Let's try two more...

## Exercise: Errors

- Explore the predictions and errors in this Gradient Boosting model. 
- Are the outliers the same as in the previous models you've fitted?

## Exercise: Random Forest

Implement a model using the same workflow as above with [RandomForestRegressor](https://scikit-learn.org/stable/modules/generated/sklearn.ensemble.RandomForestRegressor.html). Hint: to avoid a warning regarding argument defaults, set `n_estimators = 100` within `RandomForestRegressor()`.

How does it perform?

## Exercise: Support Vector Regression

Implement a model using [SVR](https://scikit-learn.org/stable/modules/generated/sklearn.svm.SVR.html). Hint: to avoid a warning regarding argument defaults, set `gamma='auto'` within `SVR()`.
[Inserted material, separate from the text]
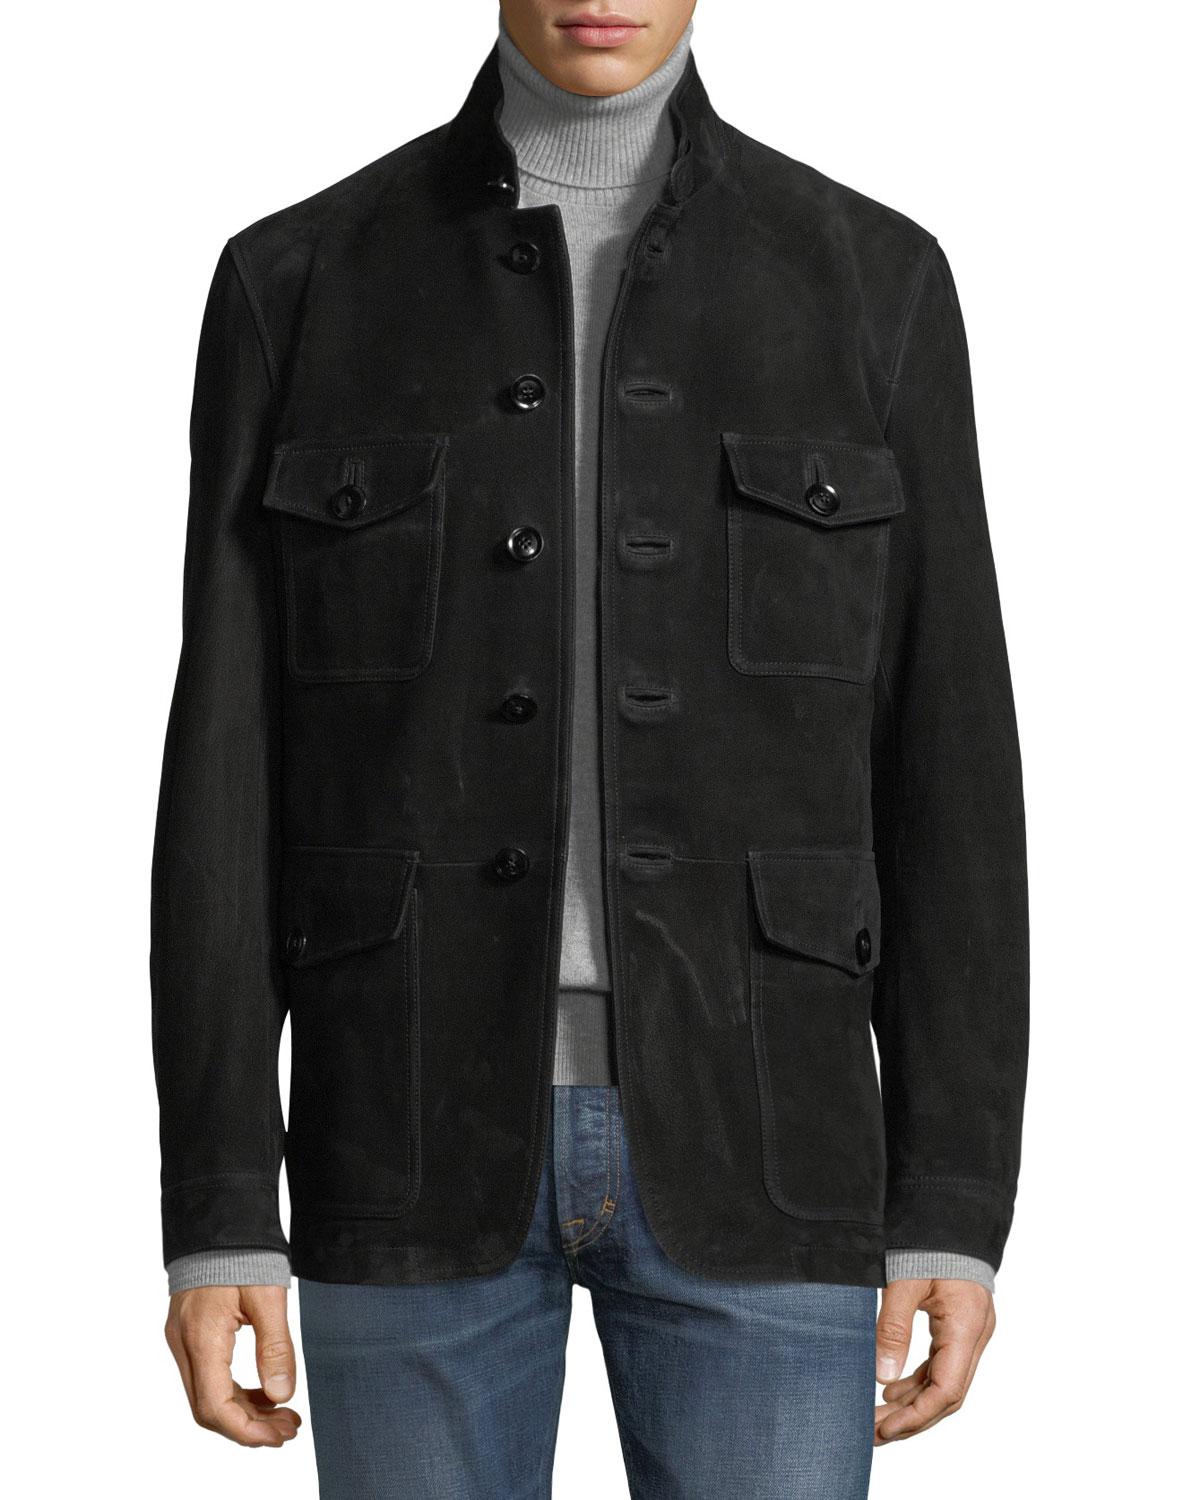 Tom Ford Nubuck Suede Four-pocket Safari Jacket in Black for Men - Lyst

Is this performance surprising? Have a quick look at the [documentation](https://scikit-learn.org/stable/modules/generated/sklearn.svm.SVR.html) - any ideas how you might improve its performance?

## Exercise: Algorithm hyperparameters (optional)

Each of these algorithms has various hyperparameters that can be adjusted to fine tune the model.

Hyperparameters are the options used to direct the learning process. Parameters are the learned model coefficients.

- Gradient Boosting
    - Main tuning hyperparameters:
         - `n_estimators`
         - `learning_rate`
         - `max_depth`
- Random Forests
    - Main tuning hyperparameters:
         - `n_estimators`
         - `max_features`
         - `max_depth`
- Support Vector Regression
    - Main tuning hyperparameters:
        - `C`
        - `epsilon`
        - `kernel`
        
        
- Different algorithms respond to hyperparameter adjustments differently. For this data problem, the performance of the SVR model is *highly dependent* on the values of the hyperparameters. This is what can improve the SVR model to closer to the accuracy of the others.


- Have a look at the documentation to see what each of these parameters do.
- What are their default values?
- Play around with changing these hyperparameters to see if you can improve the model accuracies.
- For the SVR model - try much larger values for `epsilon` and `C`!